**Dataset excerpt**.
::::::::

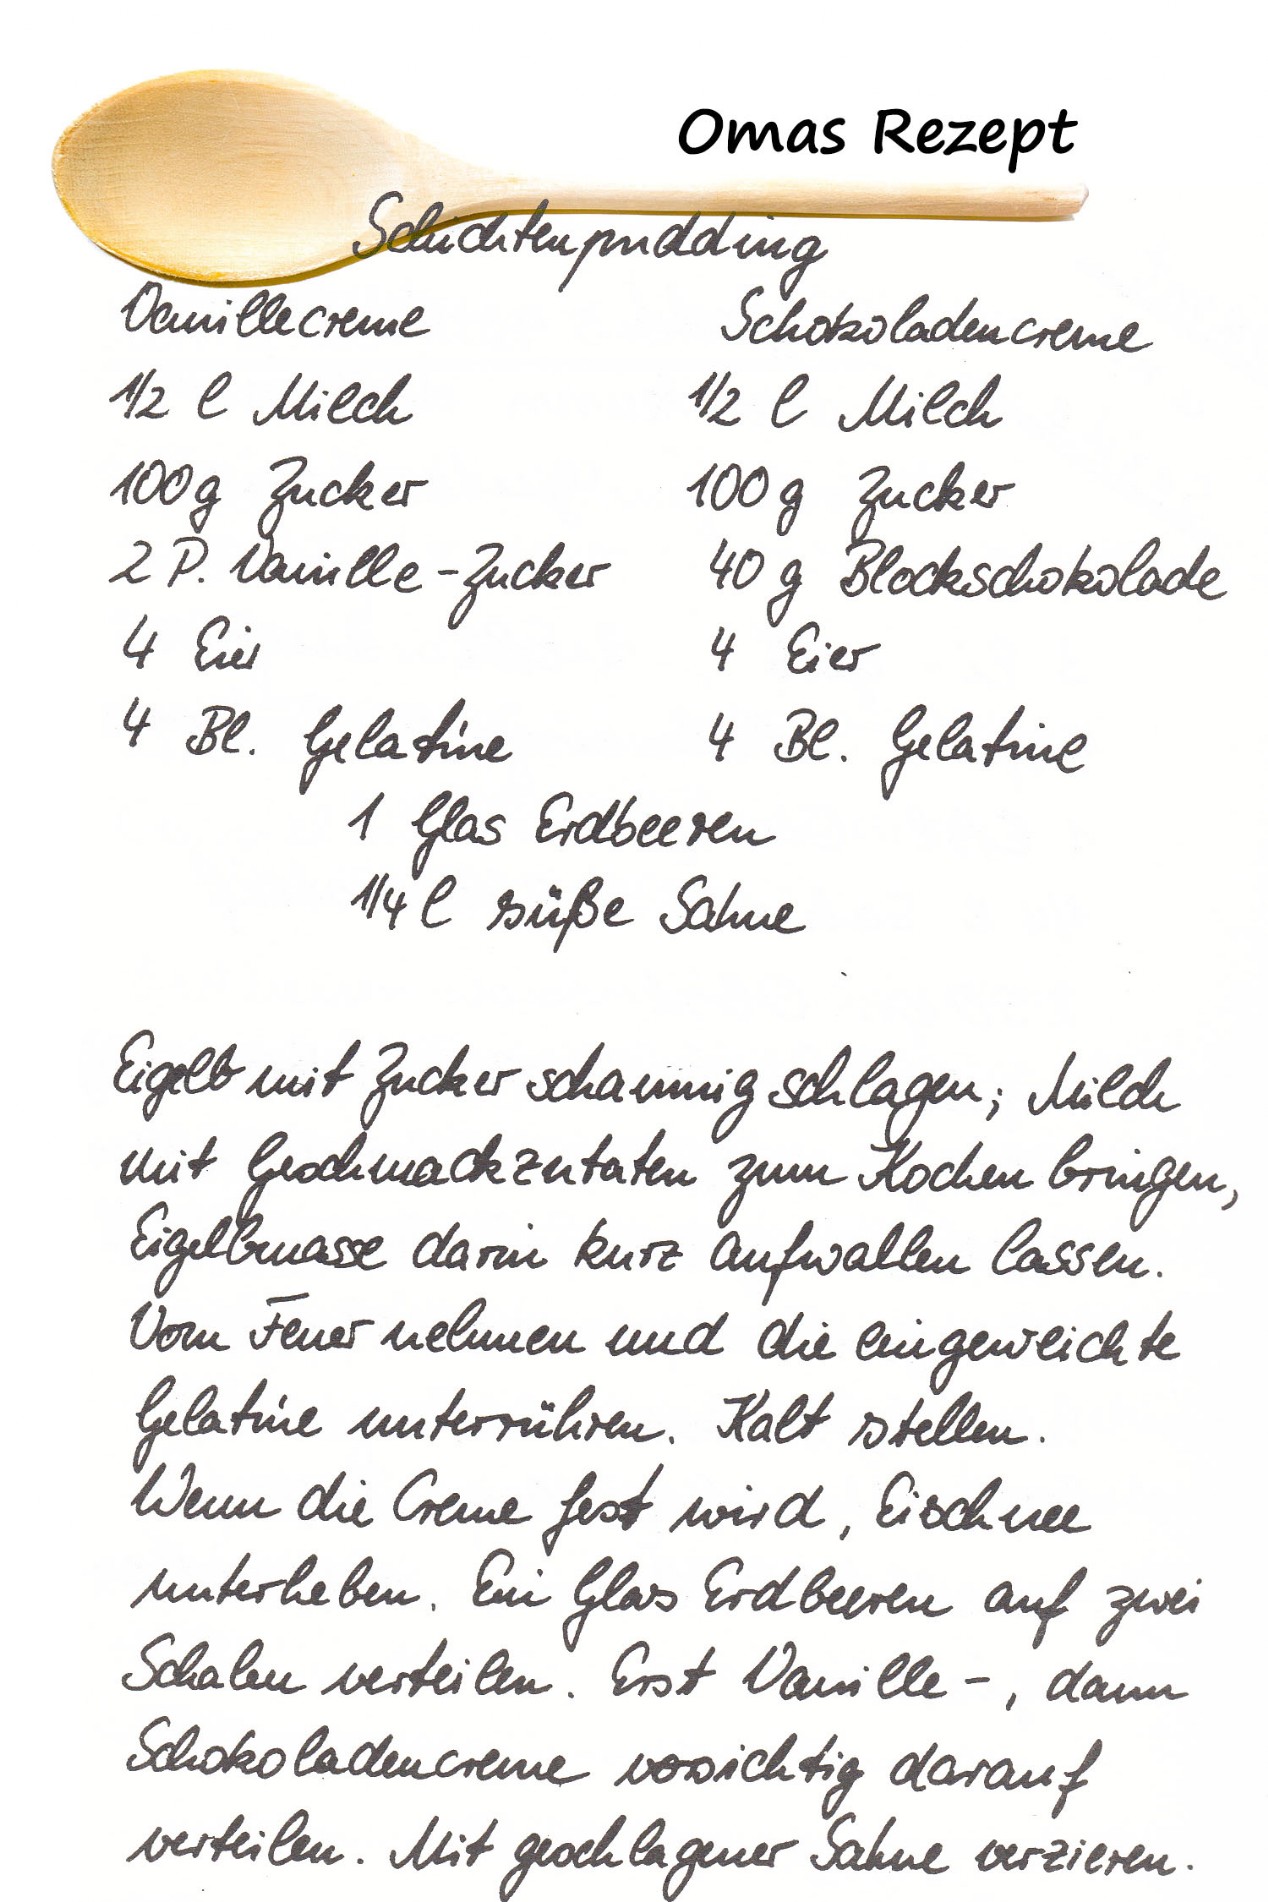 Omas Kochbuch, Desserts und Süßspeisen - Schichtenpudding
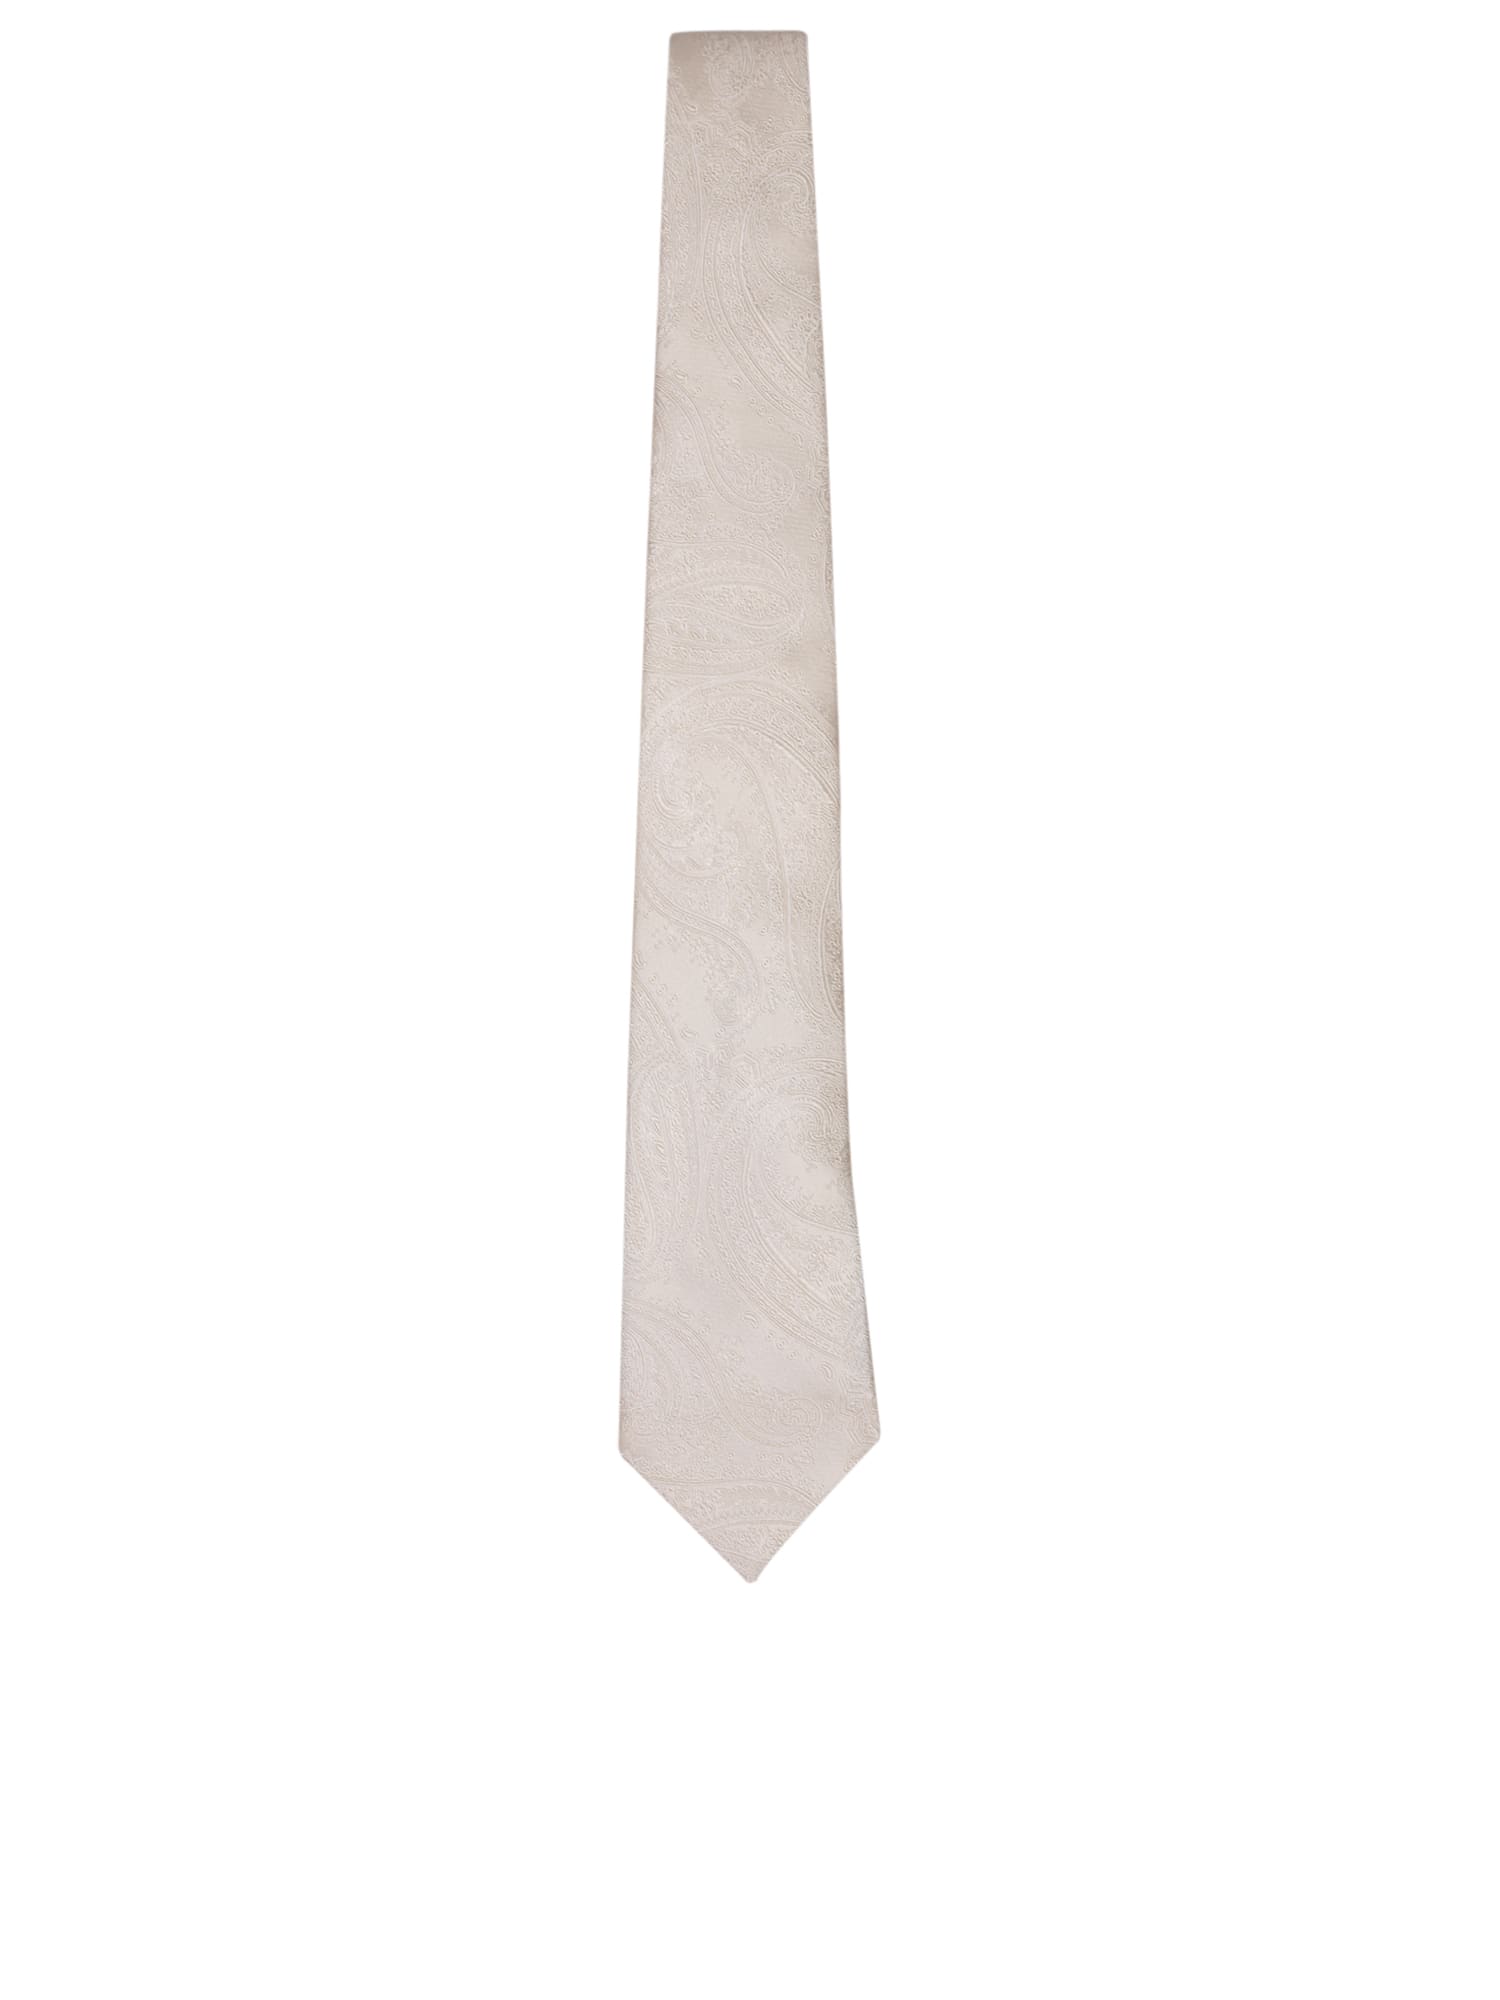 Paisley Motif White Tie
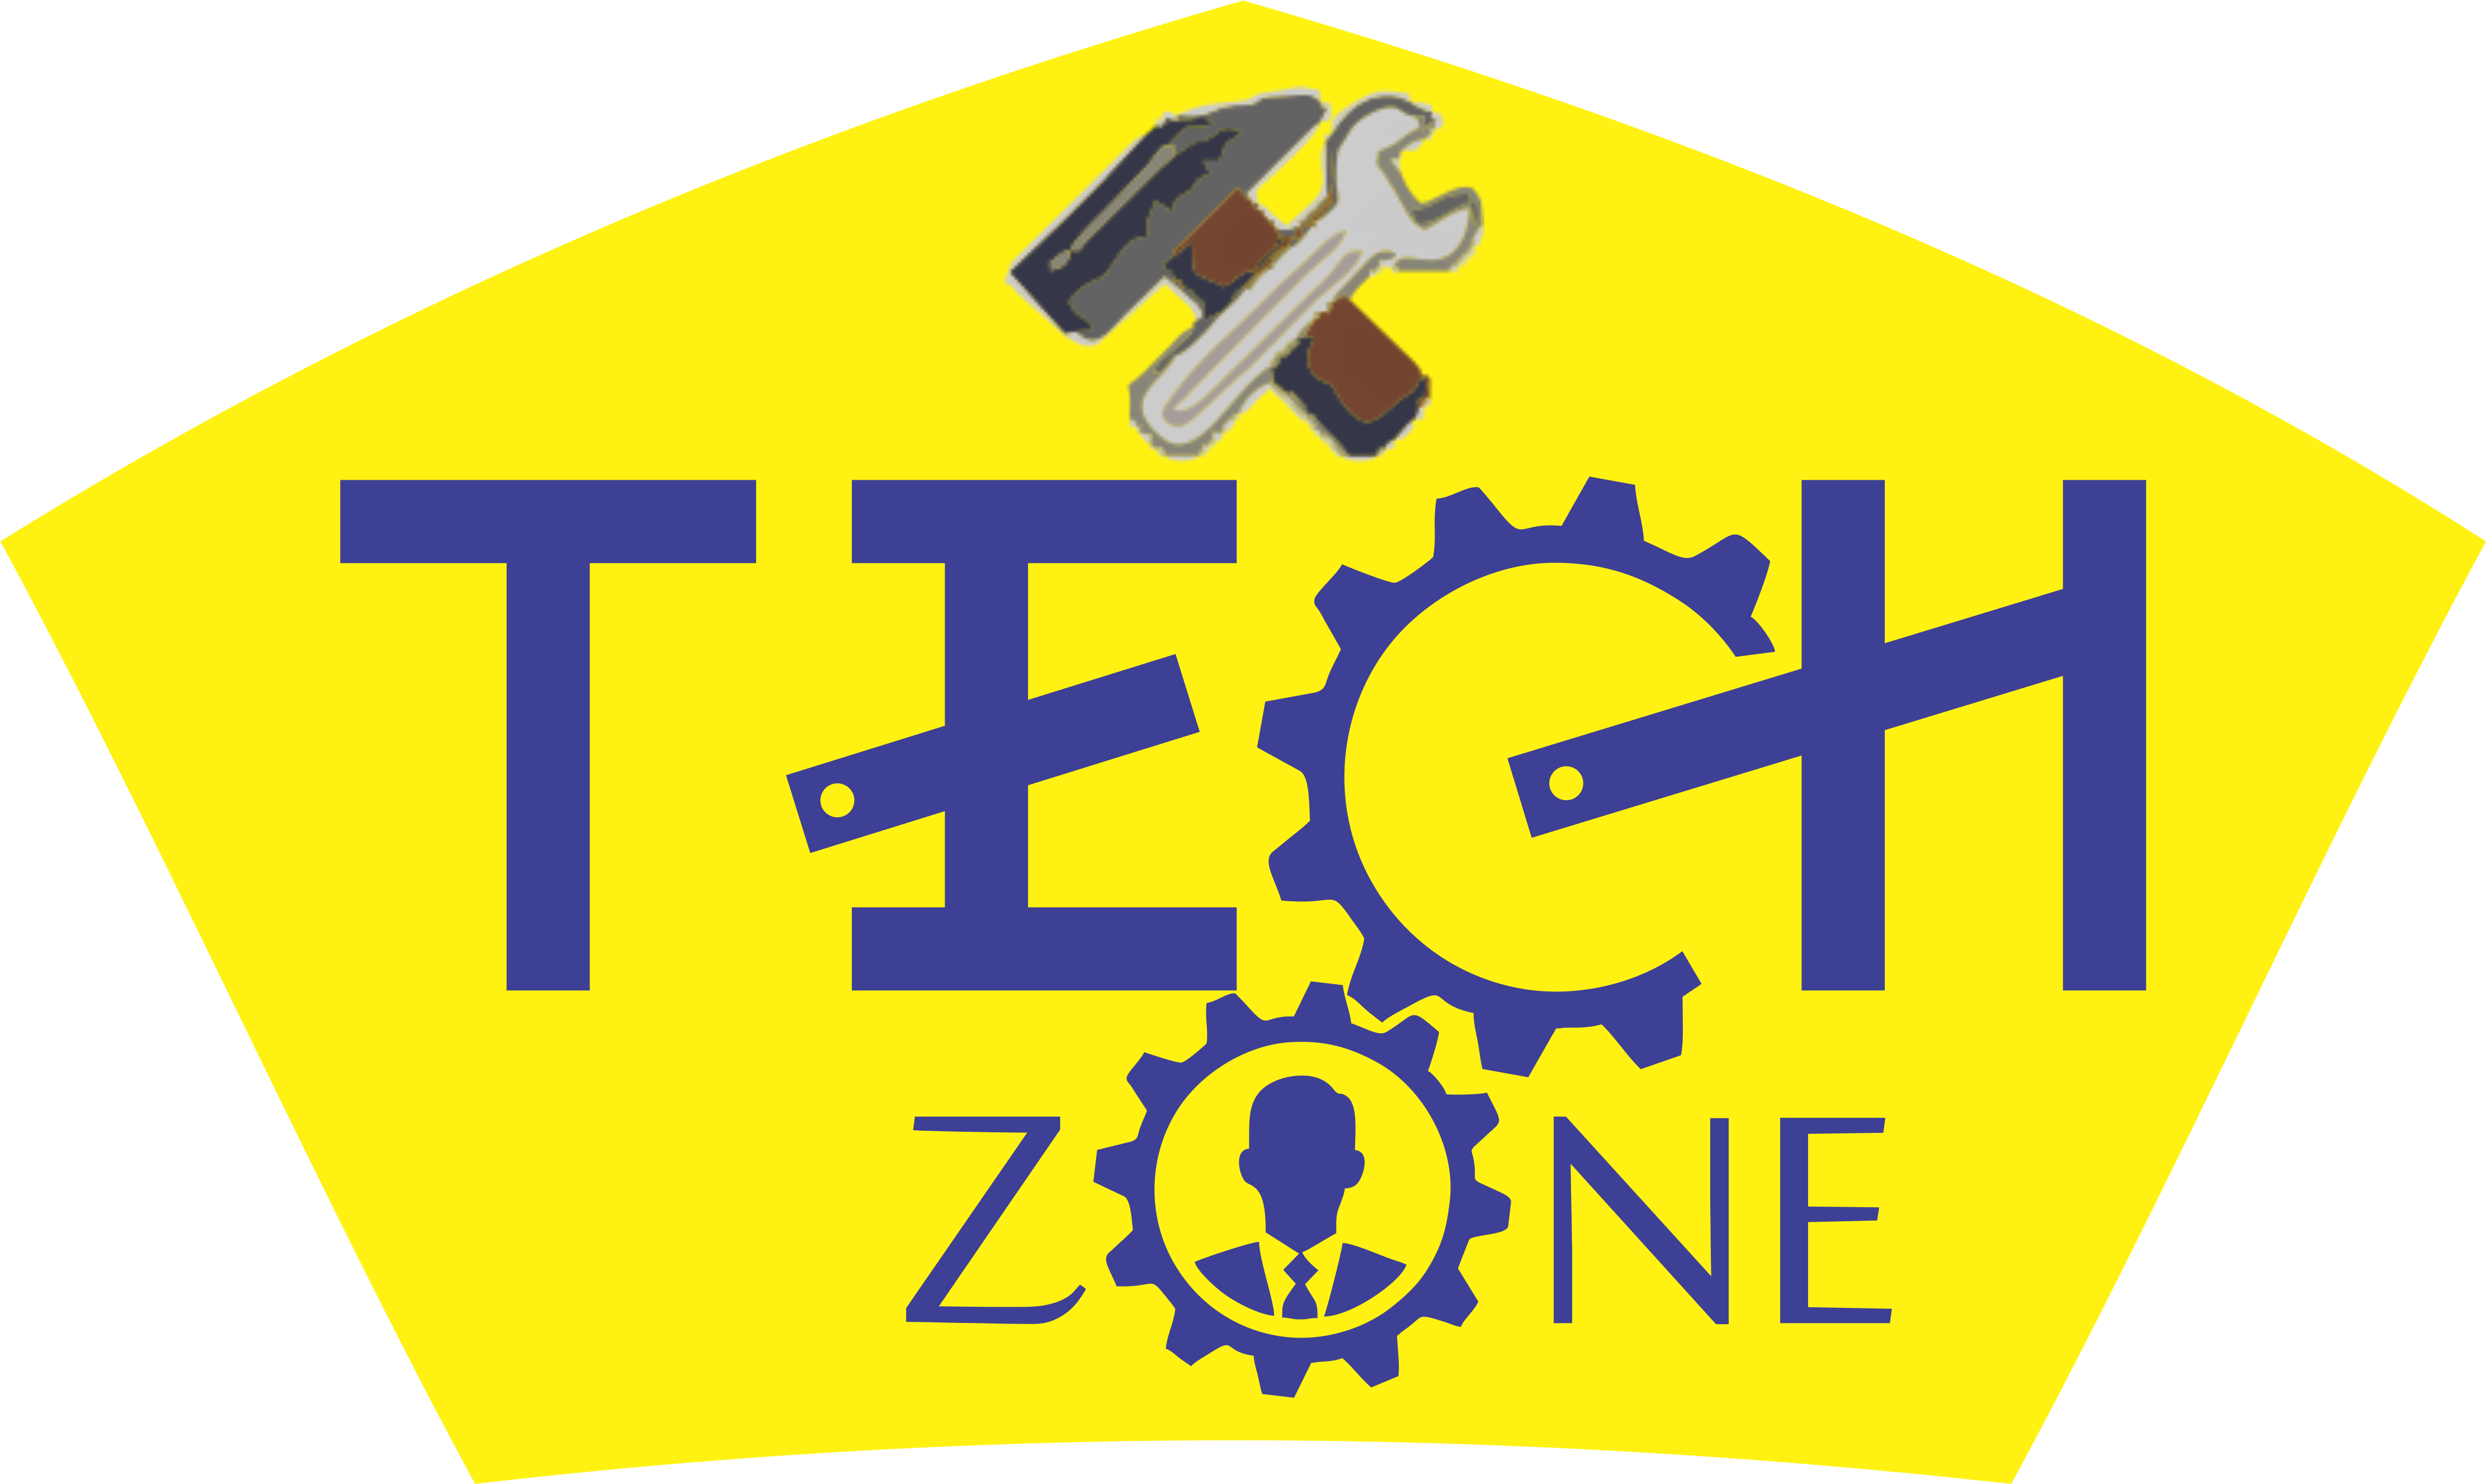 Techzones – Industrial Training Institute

::::::::

Starting at the line that holds "Paisley Motif White Tie", repeat every line through the end of the listing exactly as written, skipping any picture.

 Paisley Motif White Tie
 Techzones – Industrial Training Institute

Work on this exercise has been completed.